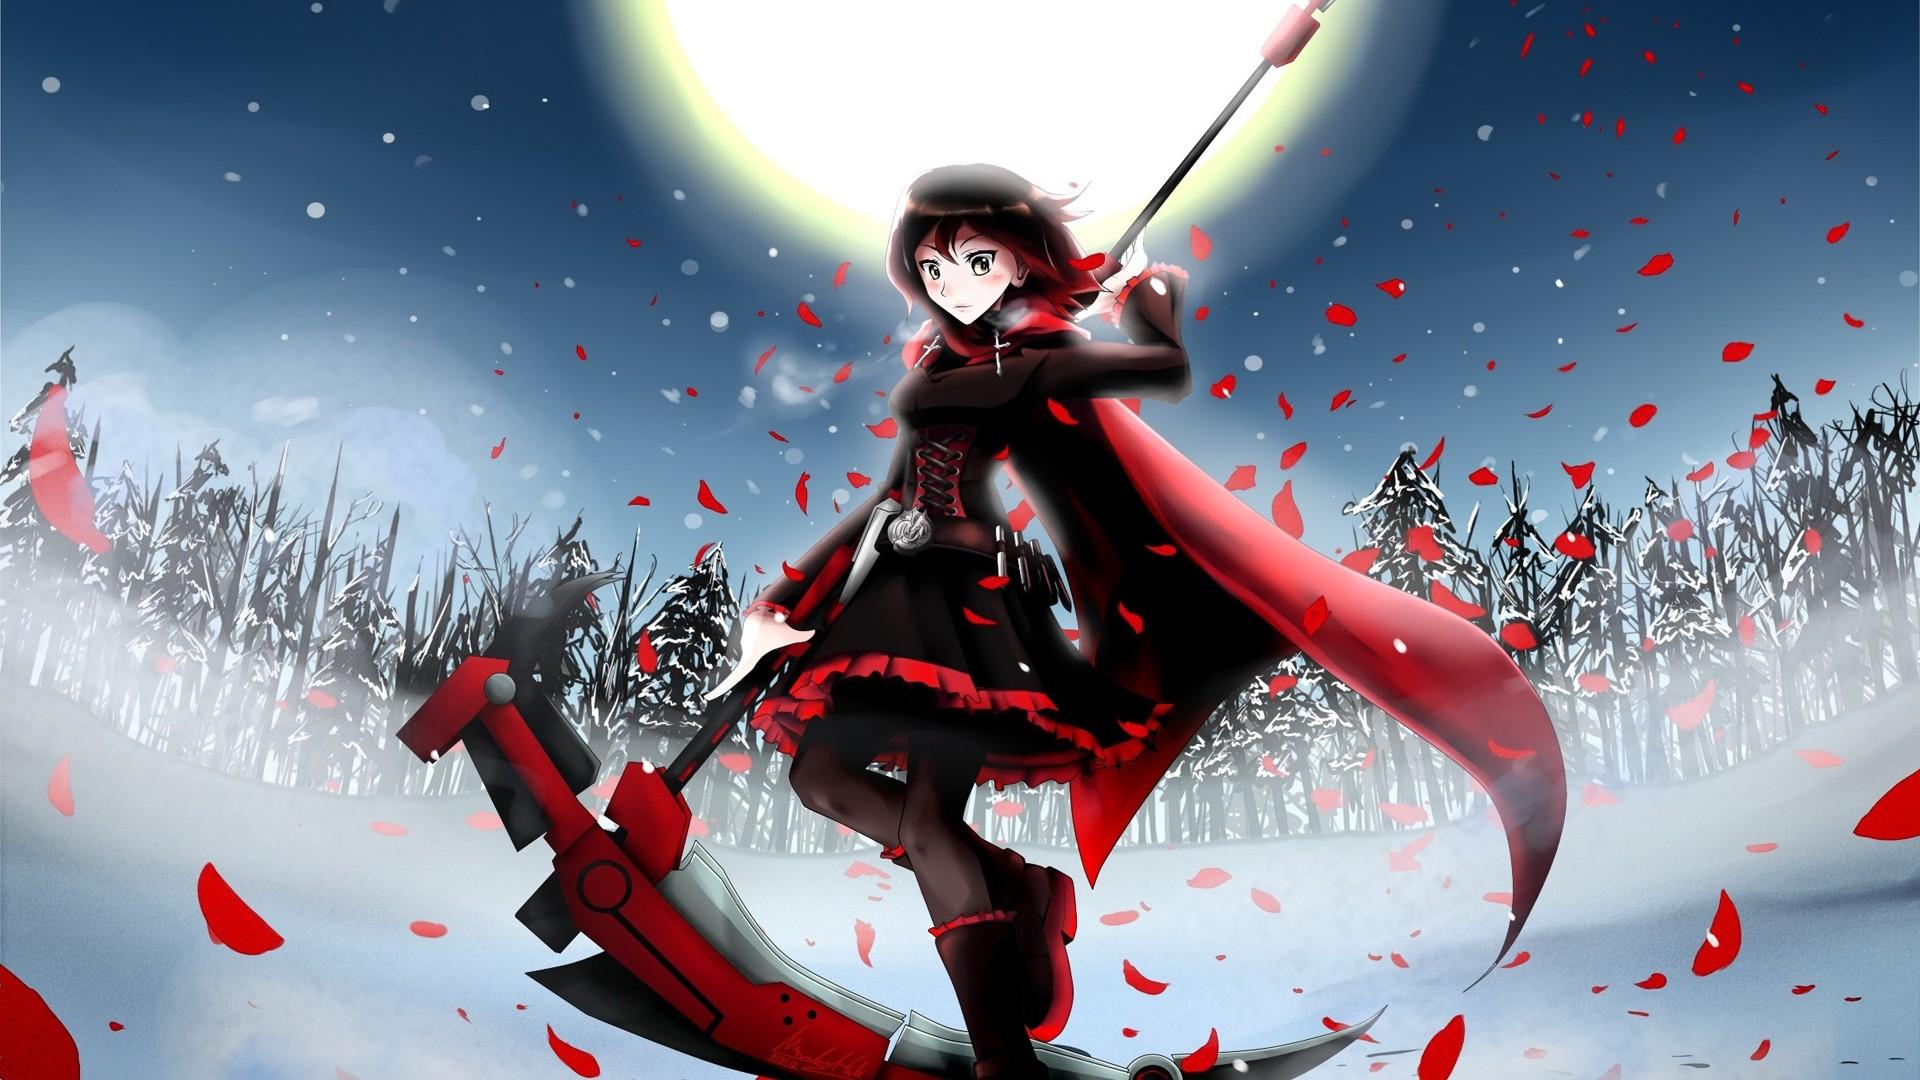 10. cool anime wallpapers10
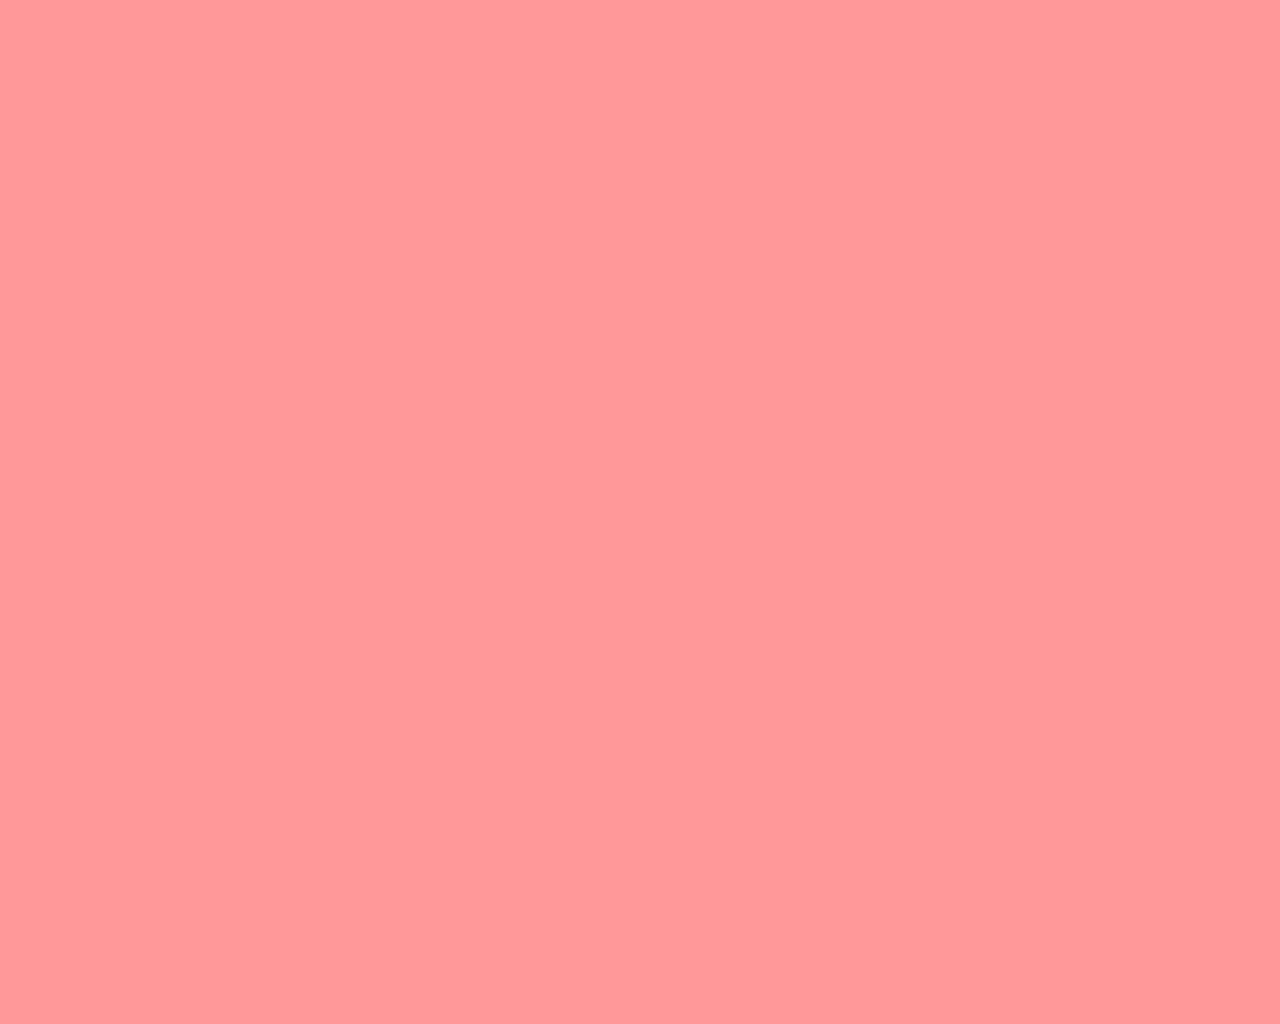 [48+] Salmon Color Wallpaper on WallpaperSafari
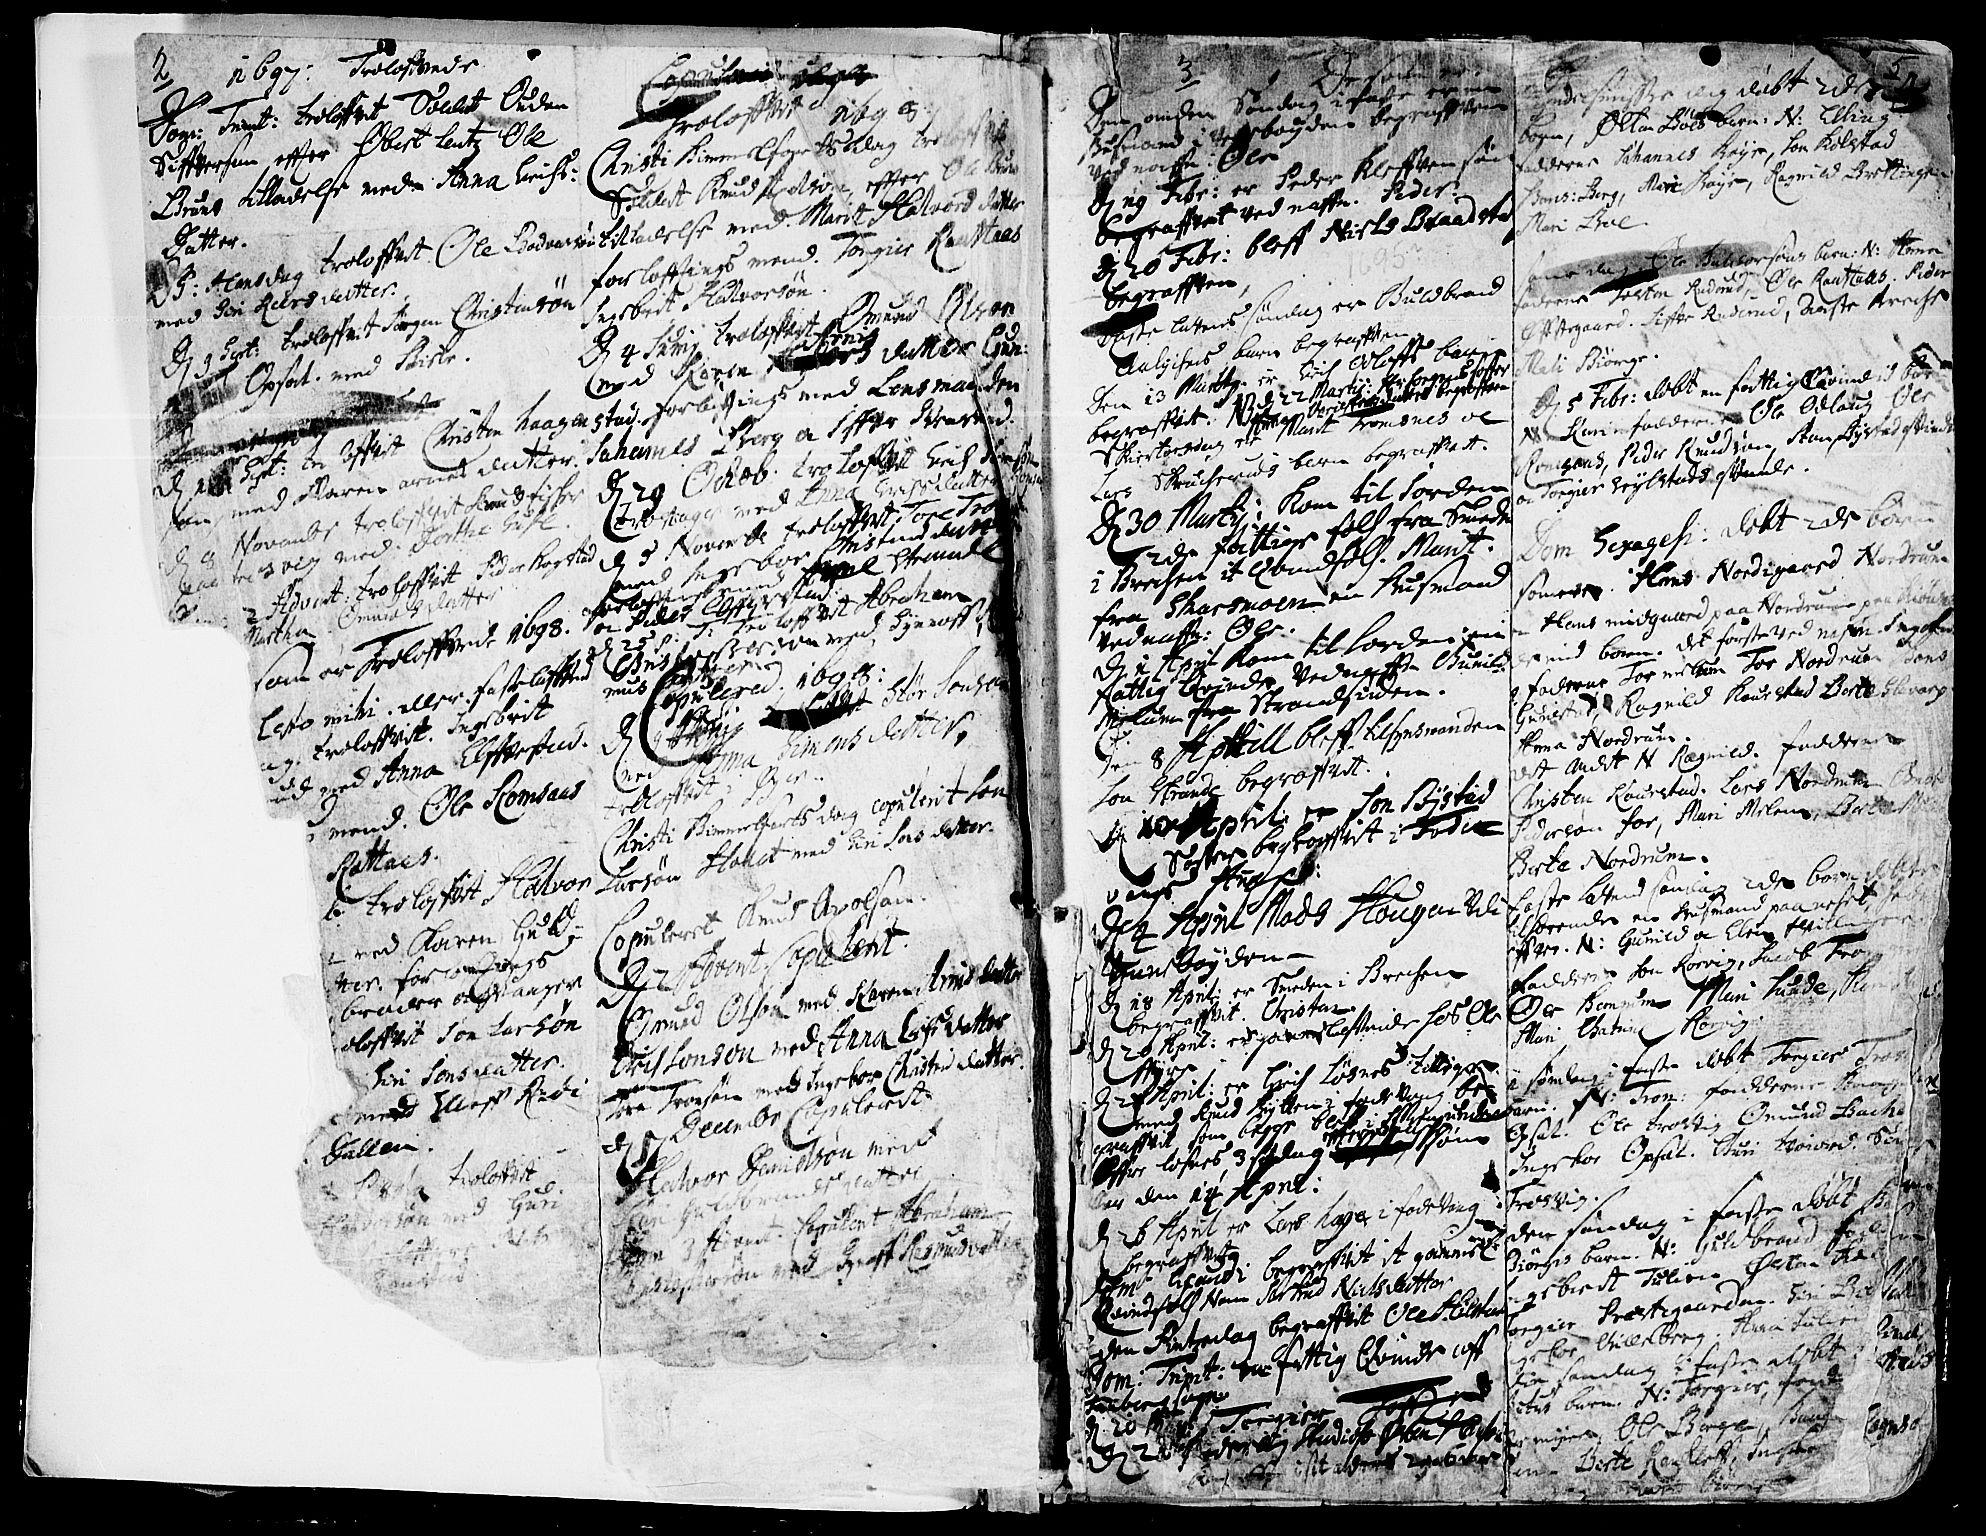 SAH, Ringebu prestekontor, Ministerialbok nr. 1, 1696-1733, s. 2-5

-.-.-

What the exercise asks:
Repeat the material above exactly. Leave every picture out of it.

Result:
 10. cool anime wallpapers10
 [48+] Salmon Color Wallpaper on WallpaperSafari
 SAH, Ringebu prestekontor, Ministerialbok nr. 1, 1696-1733, s. 2-5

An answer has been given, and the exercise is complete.